§ **COLLECTED MATERIAL**
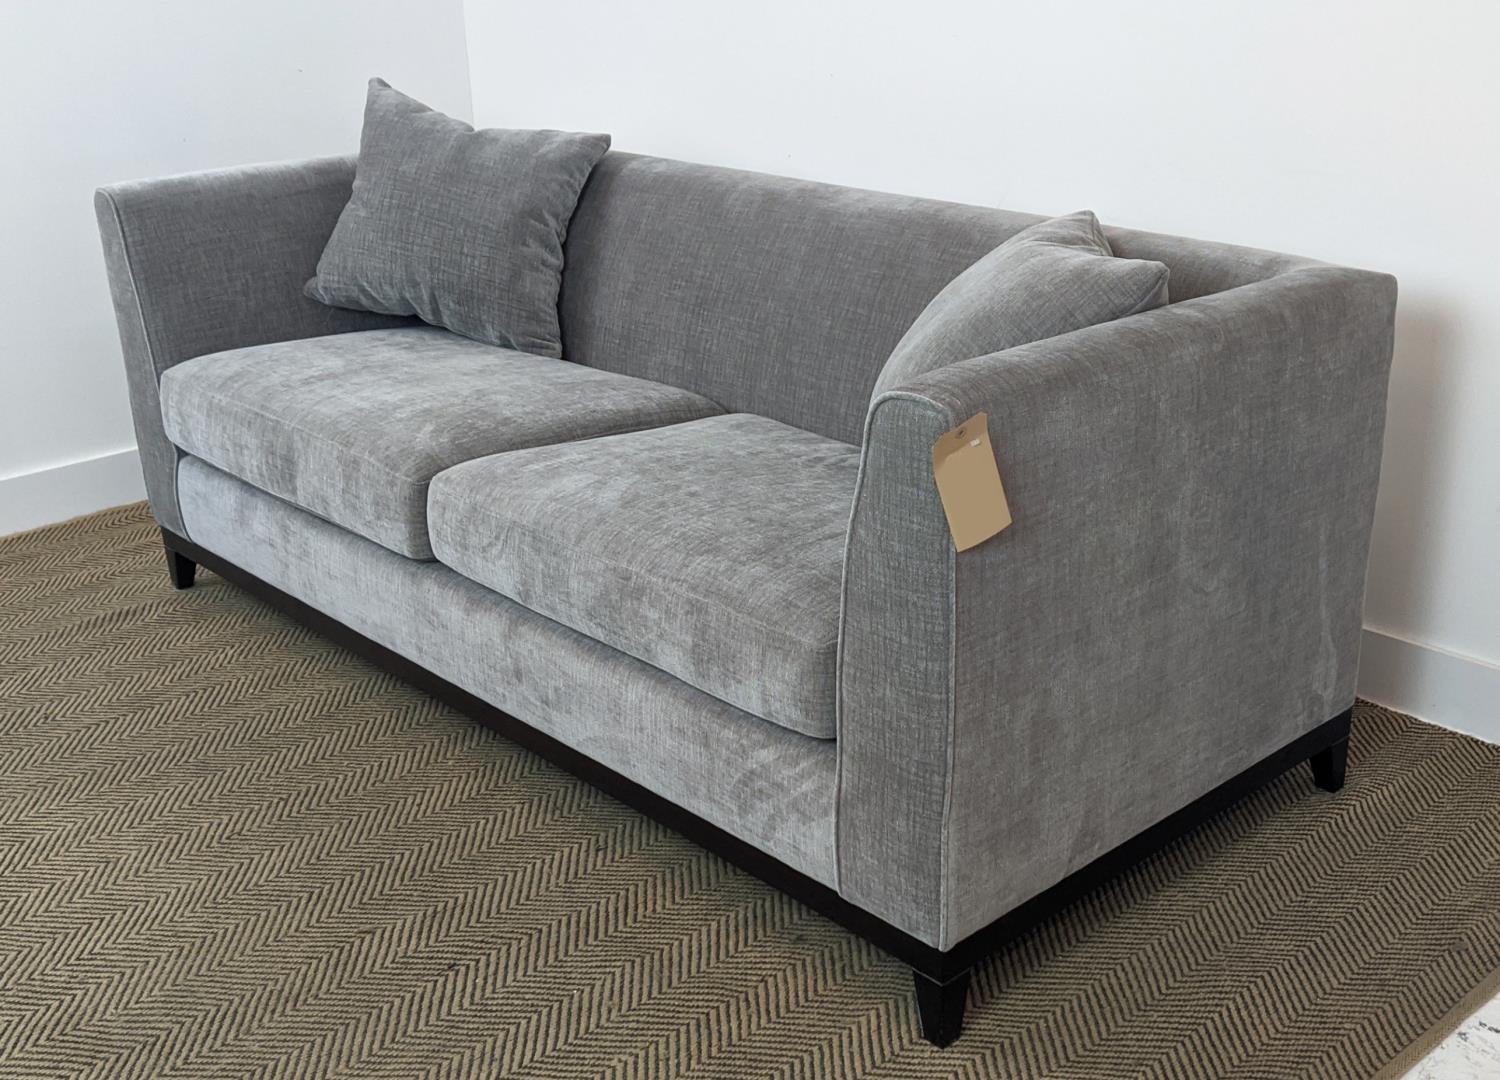 SOFA, dark grey upholstered, ebonised supports, 200cm x 85cm x 90cm. - Image 4 of 7
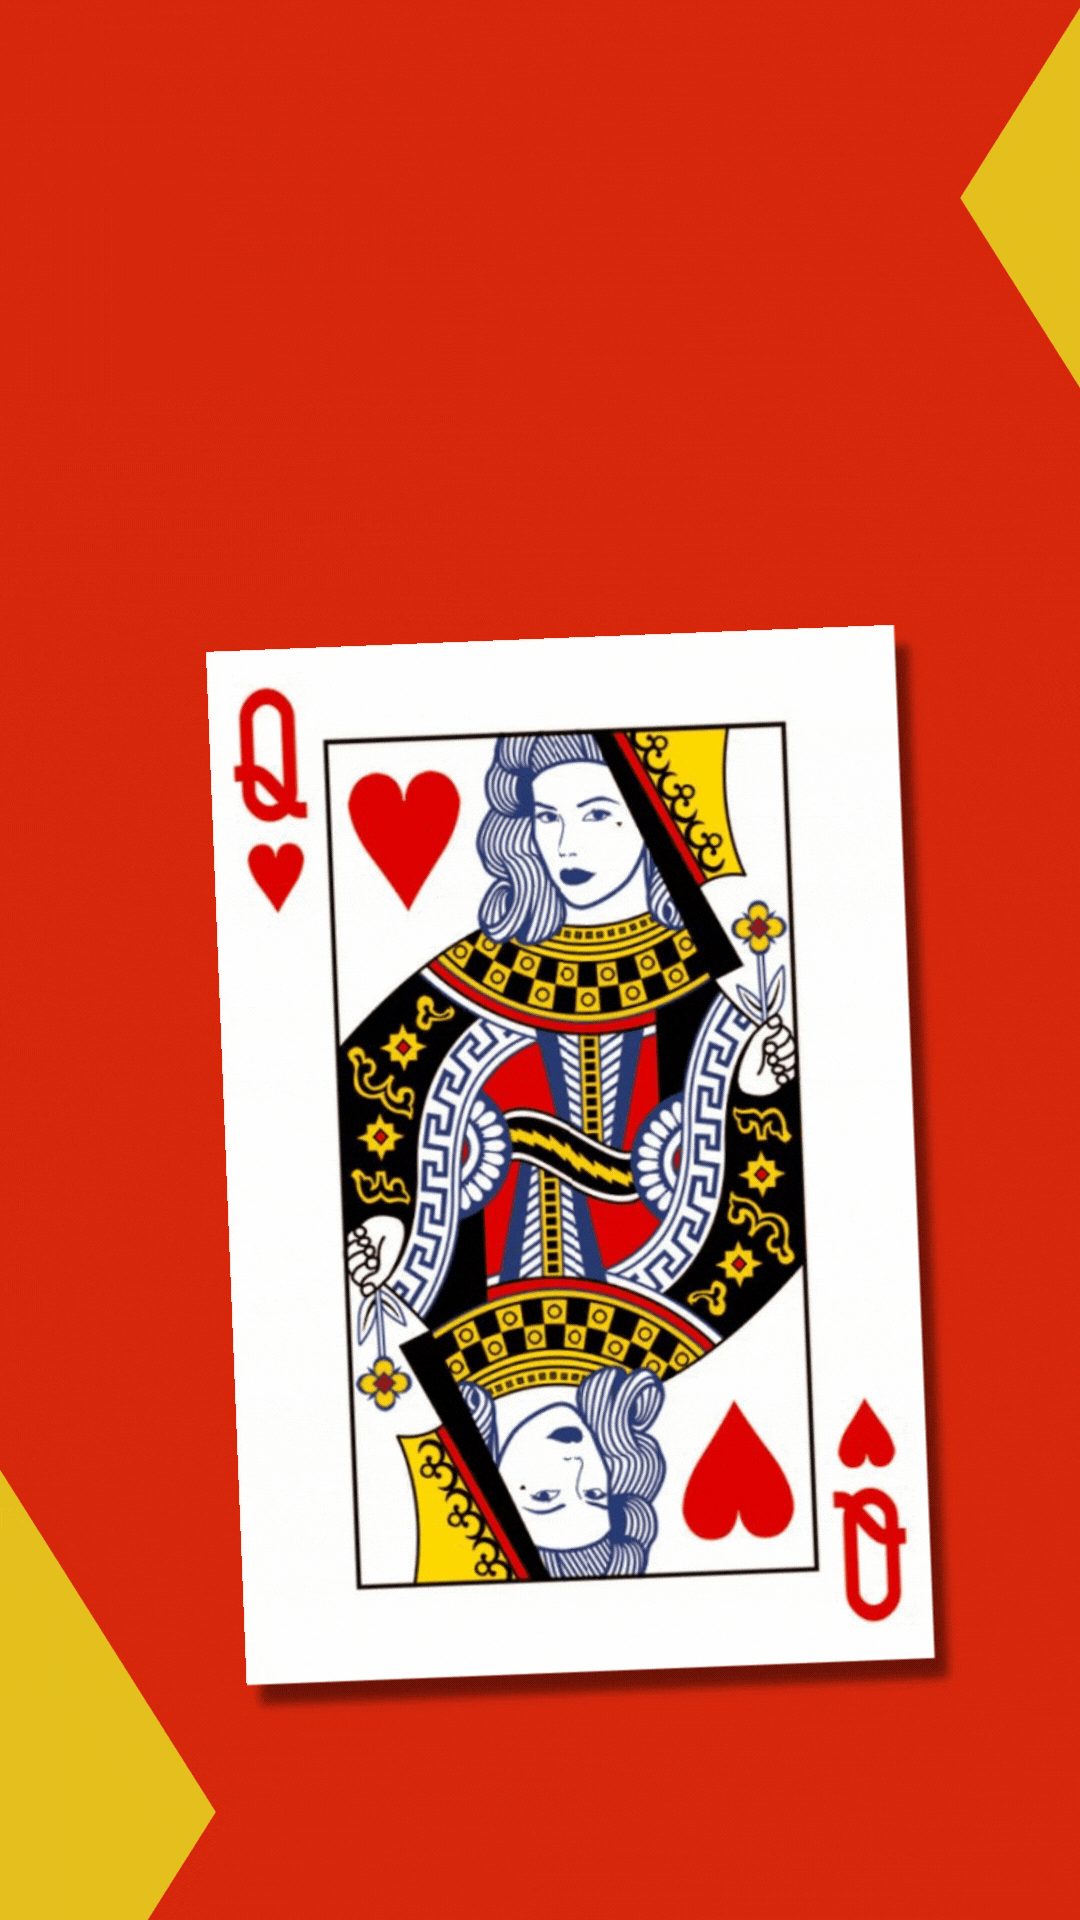 Queen of Hearts Ecards 
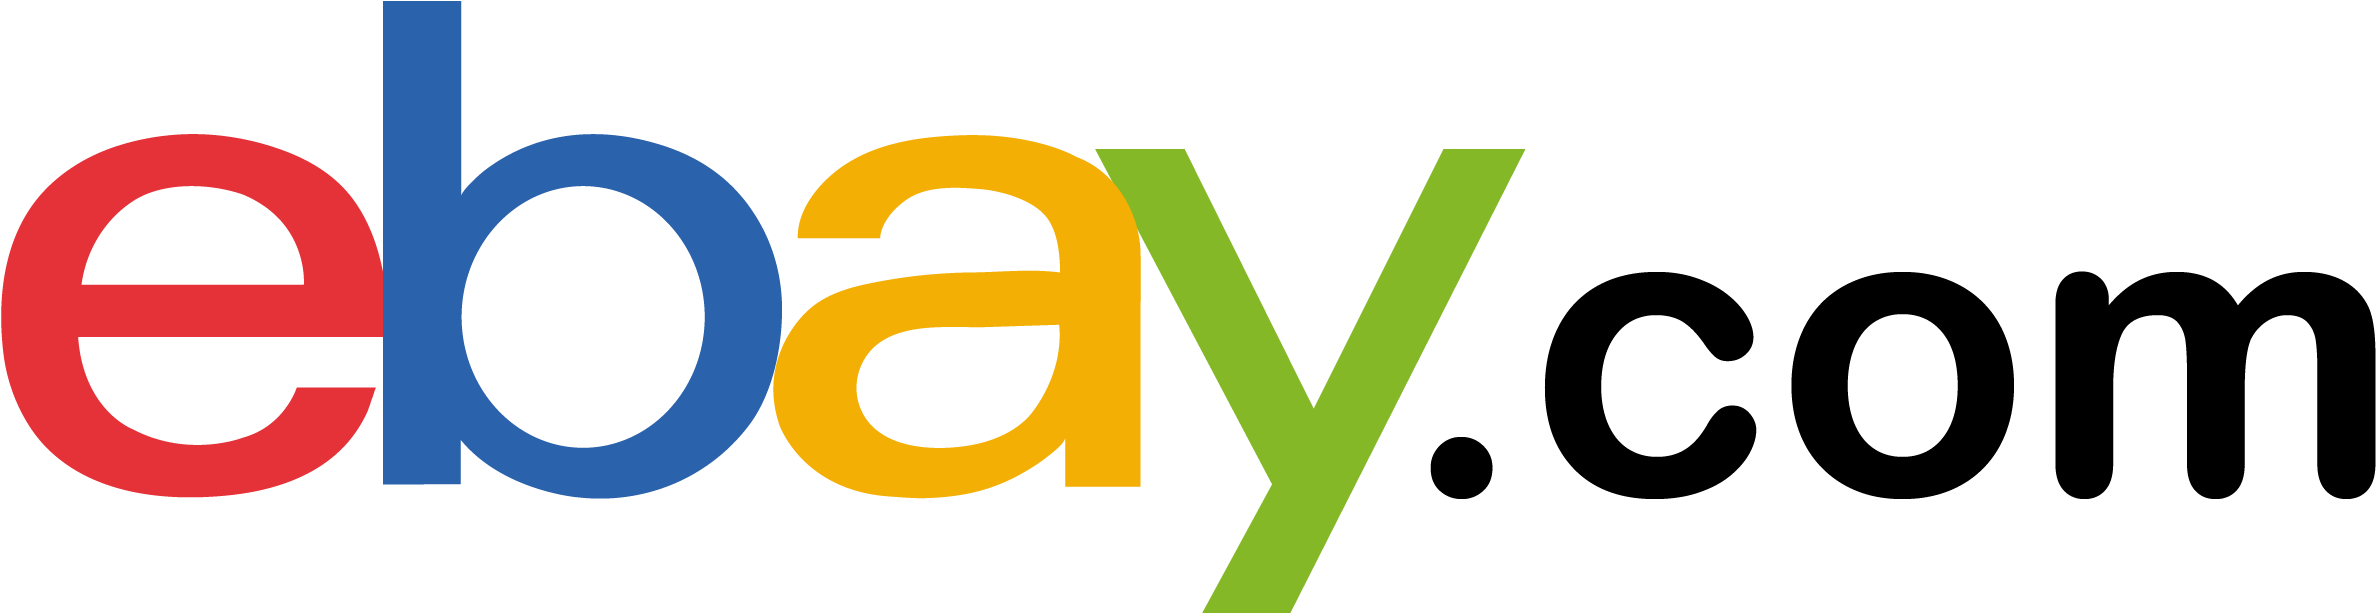 Logo eBay PNG Gambar Transparan

§ **TASK OBJECTIVE**
Word-for-word repeat, images excluded: return all the data.

§ **RESPONSE FOR THIS EXERCISE**
 SOFA, dark grey upholstered, ebonised supports, 200cm x 85cm x 90cm. - Image 4 of 7
 Queen of Hearts Ecards 
 Logo eBay PNG Gambar Transparan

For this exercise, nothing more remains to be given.